Women dig bad dudes, and cowboys, and you fail. DF and ron are right.


----------



## DieYoungStrong (Oct 19, 2016)

Time to start praying away the ghey


----------



## snake (Oct 19, 2016)

I'm with Iron1 an DF. They think you're ghey.

Nice guys finish last my man regardless of what country you're from.


----------



## Joliver (Oct 19, 2016)

Did you have rope or a shovel in your backseat?


----------



## bronco (Oct 19, 2016)

Joliver said:


> Did you have rope or a shovel in your backseat?



Or duct tape?.?.?


----------



## tunafisherman (Oct 19, 2016)

online chats with girls are not like meeting them in person...be a prick and it will get you better results.


----------



## Lilo (Oct 19, 2016)

Yes. Take advice about women from men.


----------



## squatsandpumps (Oct 19, 2016)

Iron1 said:


> They think you're gay.





DF said:


> Yup, the ghey thing.





ToolSteel said:


> Find real womens. Not ig hoes.





Joliver said:


> Did you have rope or a shovel in your backseat?



Hahahahahaha


----------



## LeanHerm (Oct 19, 2016)

Everyone needs a gay friend to talk too, you're that guy!!!!!


----------



## Bro Bundy (Oct 19, 2016)

Next time just pull out your little Dick


----------



## squatsandpumps (Oct 19, 2016)

Lilo said:


> Yes. Take advice about women from men.



Men are really good at this


----------



## DF (Oct 19, 2016)

Got any zip ties?


----------



## tunafisherman (Oct 19, 2016)

Lilo said:


> Yes. Take advice about women from men.




You mean from men who get lots of women right?  I mean, if it works it works, regardless of what gender you get the information from.


----------



## IHI (Oct 19, 2016)

tunafisherman said:


> ..be a prick and it will get you better results.

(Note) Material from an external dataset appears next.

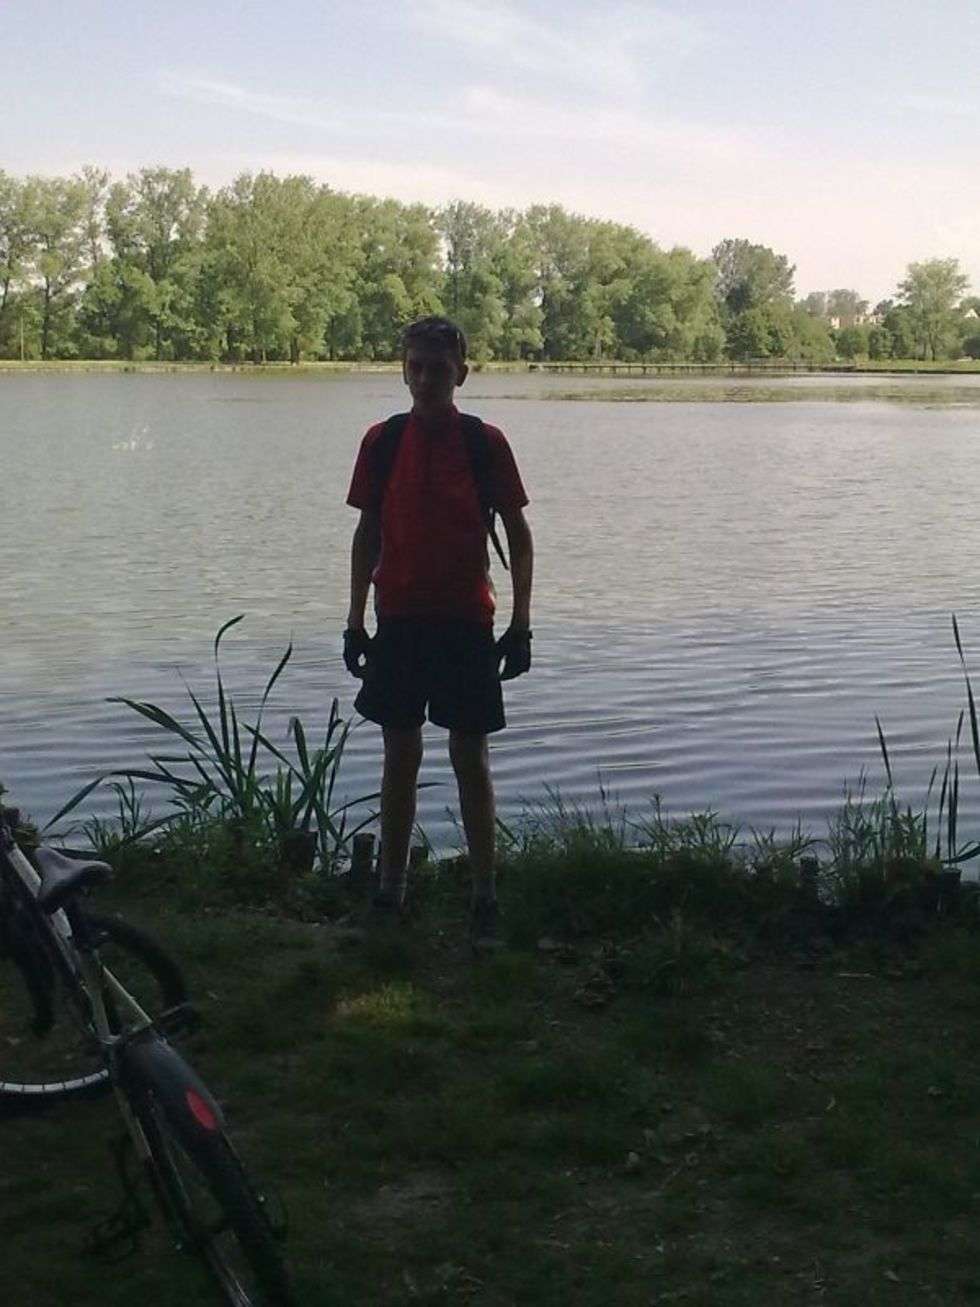  Zdjęcia zostały wykonane podczas wycieczki rowerowej z moim synem nad zalew w Bychawie

Sadly that's how it was in the 90s when I was in high school, but was raised proper and was "a nice guy". Didn't get alot of play but had alot of girls for friends.

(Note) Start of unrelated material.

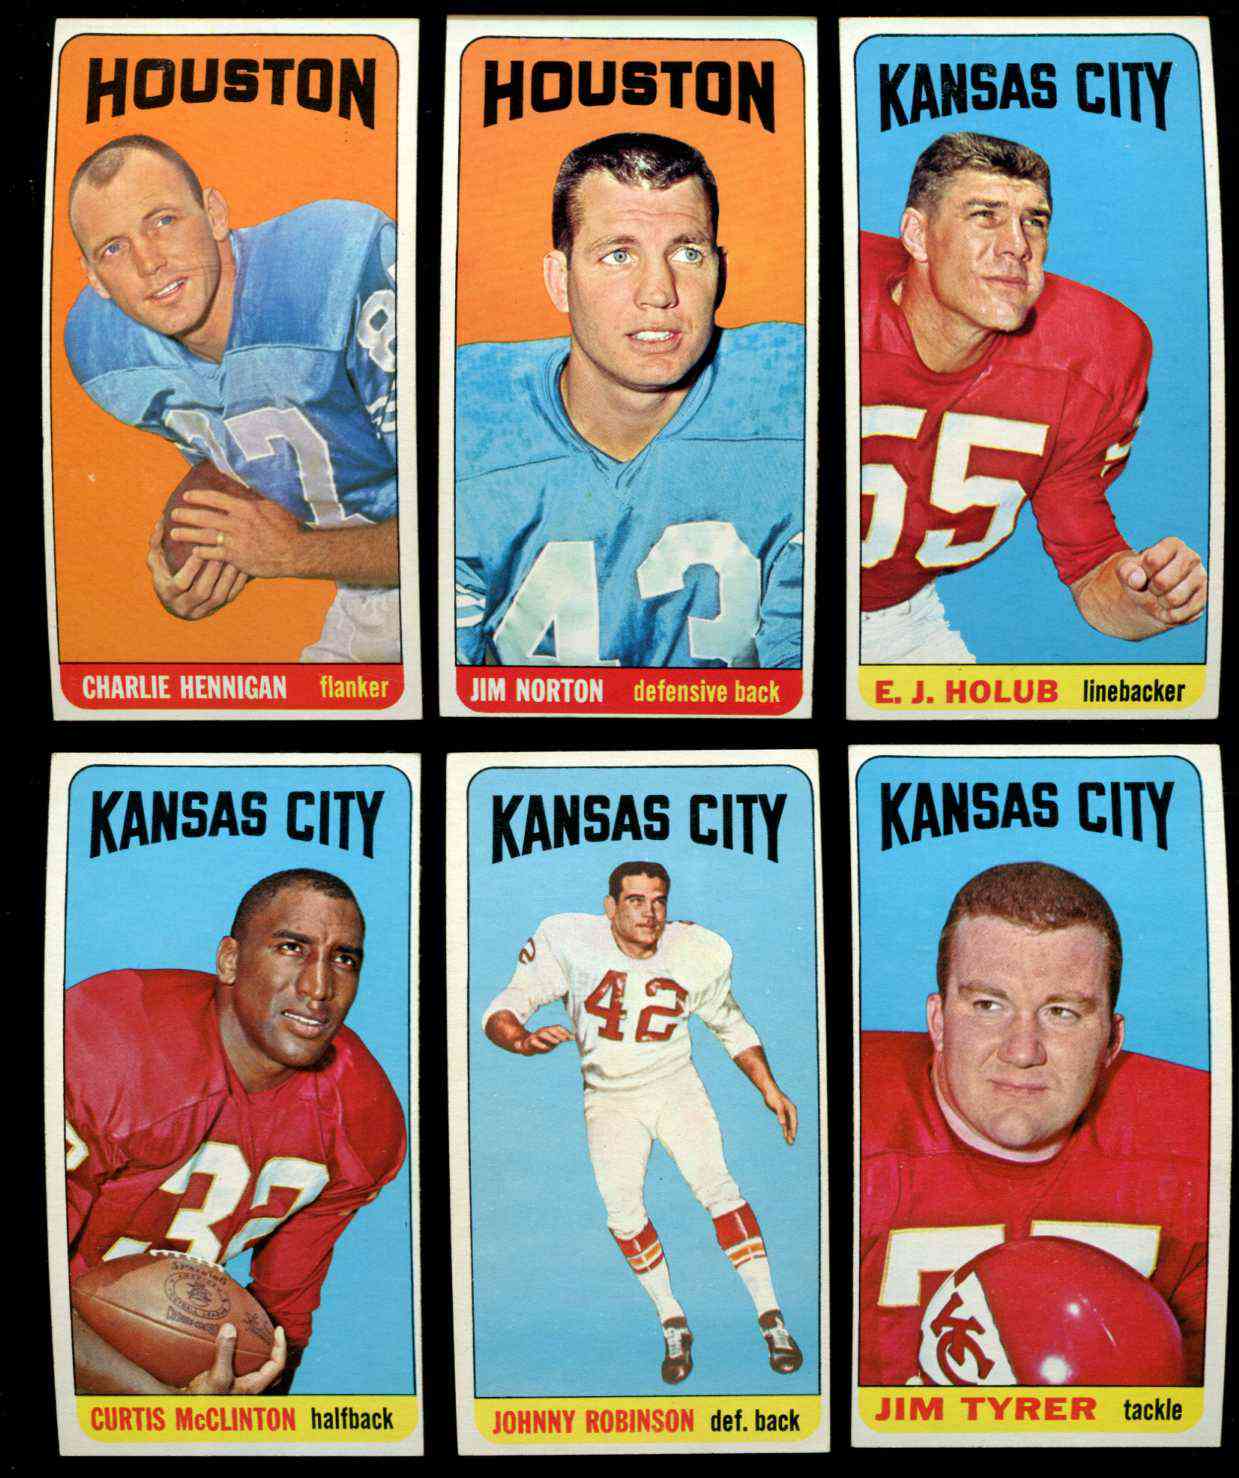 1965 Topps FB #127 Matt Snell (New York Jets) Football cards value

Graduated, decided to try the villain role for my own curiosity, and sadly it resulted in pretty consistantly action, all by treating them like shit. I know all women are not like this thankfully, my wife was a different breed that I treated with respect and things worked out. But by and large, these women are born with some "I will tame the bad boy" gene in their brain, and will walk right past a really good guy, with a job, manners, future to chase after the trash that treats them like crap emotionally and sometimes physically..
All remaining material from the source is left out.